JTidy
About
Revival of the JTidy Project updated to work with HTML5 new tags. Along
with new option to not remove unknown tags:
Tidy tidy = new Tidy();
tidy.setDropProprietaryTags(false);
JTidy is a Java port of HTML Tidy, a HTML syntax checker and pretty printer.
Like its non-Java cousin, JTidy can be used as a tool for cleaning up malformed and faulty HTML.
In addition, JTidy provides a DOM interface to the document that is being processed, which effectively makes you able
to use JTidy as a DOM parser for real-world HTML.
HOW TO
You can use JTidy as an html checker/pretty-printer or as a DOM parser.
First of all, you will need to download a JTidy distribution. Inside it you will find a jtidy.jar
containing all
classes, no other libraries are needed.
Now that you have JTidy you can use it in different ways.
JTidy Executable
Run java -jar jtidy.jar {options}
to access the JTidy command line interface.
java -jar jtidy.jar -h
will output a short help on JTidy command line with a few examples.
java -jar jtidy.jar -help-config
outputs all the available configuration options and
java -jar jtidy.jar -show-config
the current (default) values.
Ant Task
Detailed instructions on how to use the JTidy ant task can be found in JTidyTask
JavaDoc.
JTidy API
To use JTidy embedded in your program, you best set up a Maven dependency to the official release at maven-central:
<dependency>
<groupId>com.github.jtidy</groupId>
<artifactId>jtidy</artifactId>
<version>1.0.4</version>
</dependency>
If you require a Java-6-compatible version, you can use the back-ported artifact:
<dependency>
<groupId>com.github.jtidy</groupId>
<artifactId>jtidy-java6</artifactId>
<version>1.0.4</version>
</dependency>
The entry point for accessing JTidy functionalities is the org.w3c.tidy.Tidy
class. This is a simple usage example:
Tidy tidy = new Tidy(); // obtain a new Tidy instance
tidy.setXHTML(boolean xhtml); // set desired config options using tidy setters
... // (equivalent to command line options)

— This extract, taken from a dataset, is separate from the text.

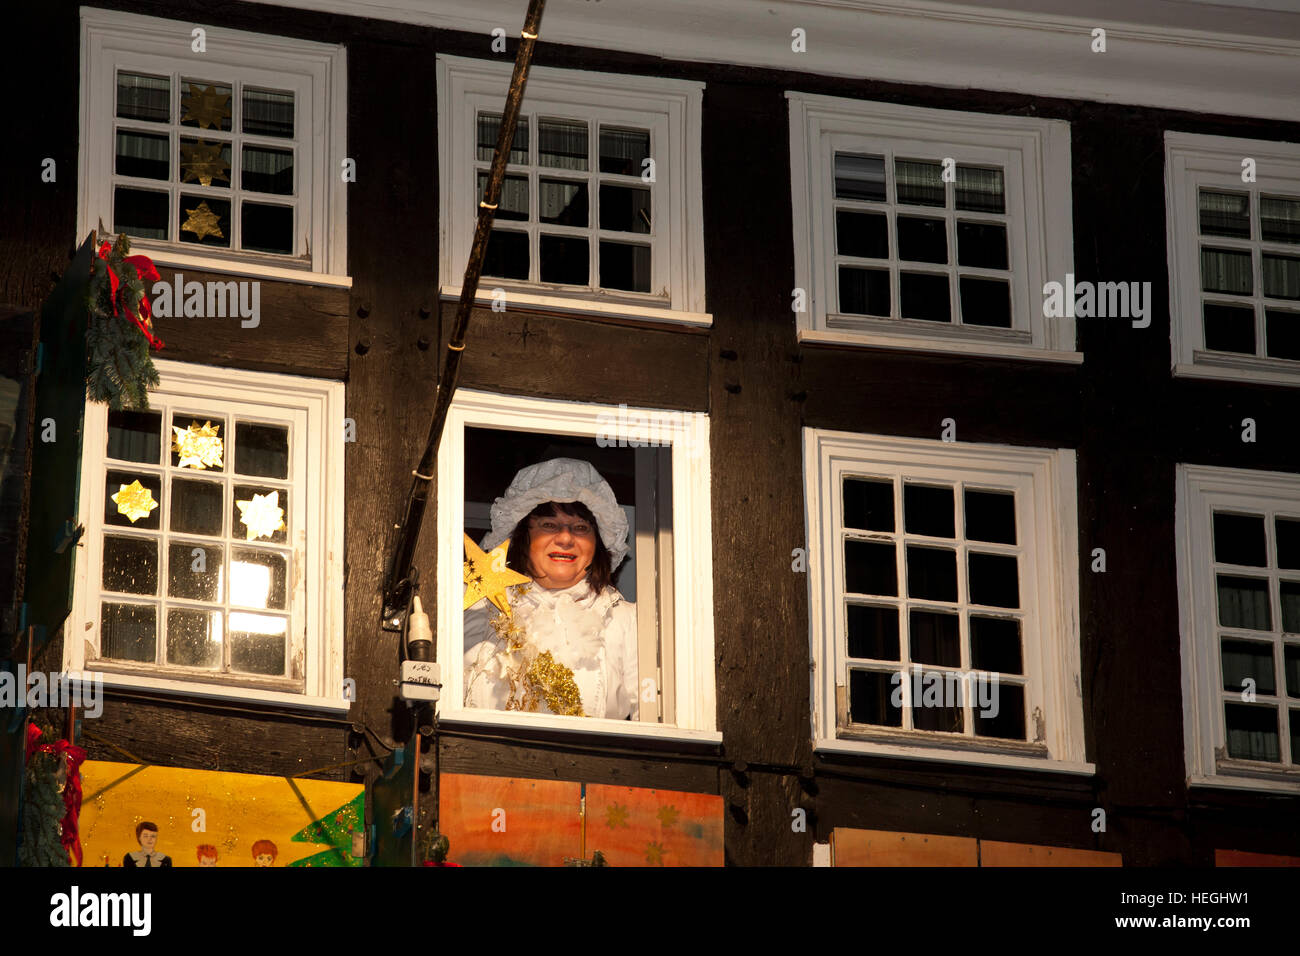 Deutschland, Hattingen, vom 1 Dezember 24 Fenster des alten Rathauses sind als einen riesigen Adventskalender Mutter Hulda eingerichtet Stockfoto

tidy.parse(inputStream, System.out); // run tidy, providing an input and output stream
Using parseDOM(java.io.InputStream in, java.io.OutputStream out)
instead of parse()
you will also obtain a DOM
document you can parse and print out later using pprint(org.w3c.dom.Document doc, java.io.OutputStream out)
(note that the JTidy DOM implementation is not fully-featured, and many DOM methods are not supported).
JTidy also provides a MessageListener
interface you can implement to be notified about warnings and errors in your
HTML code. For details on advanced uses refer to the JTidy JavaDoc.
History
JTidy was initially written by Andy Quick. The project has been maintained at sourceforge.net by Fabrizio Giustina from
2004 to 2010. Since the JTidy project on SourceForge.net
seemed to fall into disrepair years ago and had not been updated for years.
A few had forked it on Github.
William L. Thomson Jr. came along and
created a fork of others forks with a tag for his packaging needs as a
dependency for JMeter. Then another came along,
Dell Green who noticed some issues,
tests failing, and undertook fixing both.
Since the code belonged to neither, William decided to create a JTidy
organization and revive the project via community support. Which you
are welcome to join in. Eventually this should become the official new
home for JTidy.
Thanks to all past authors and developers. Those of which who could be
found on Github have been invited to join this project. Along with those
that this repository was forked from.
Contributing
You are welcome to contribute issues and pull-request. Please have a look at the
coding conventions and test cases.
License
This project is licensed under the zlib/libpng license. More information is available in the LICENSE.txt file
Future
The project is looking for new contributors and project maintainers.
Checkout v.Nu validator for a possible modern replacement.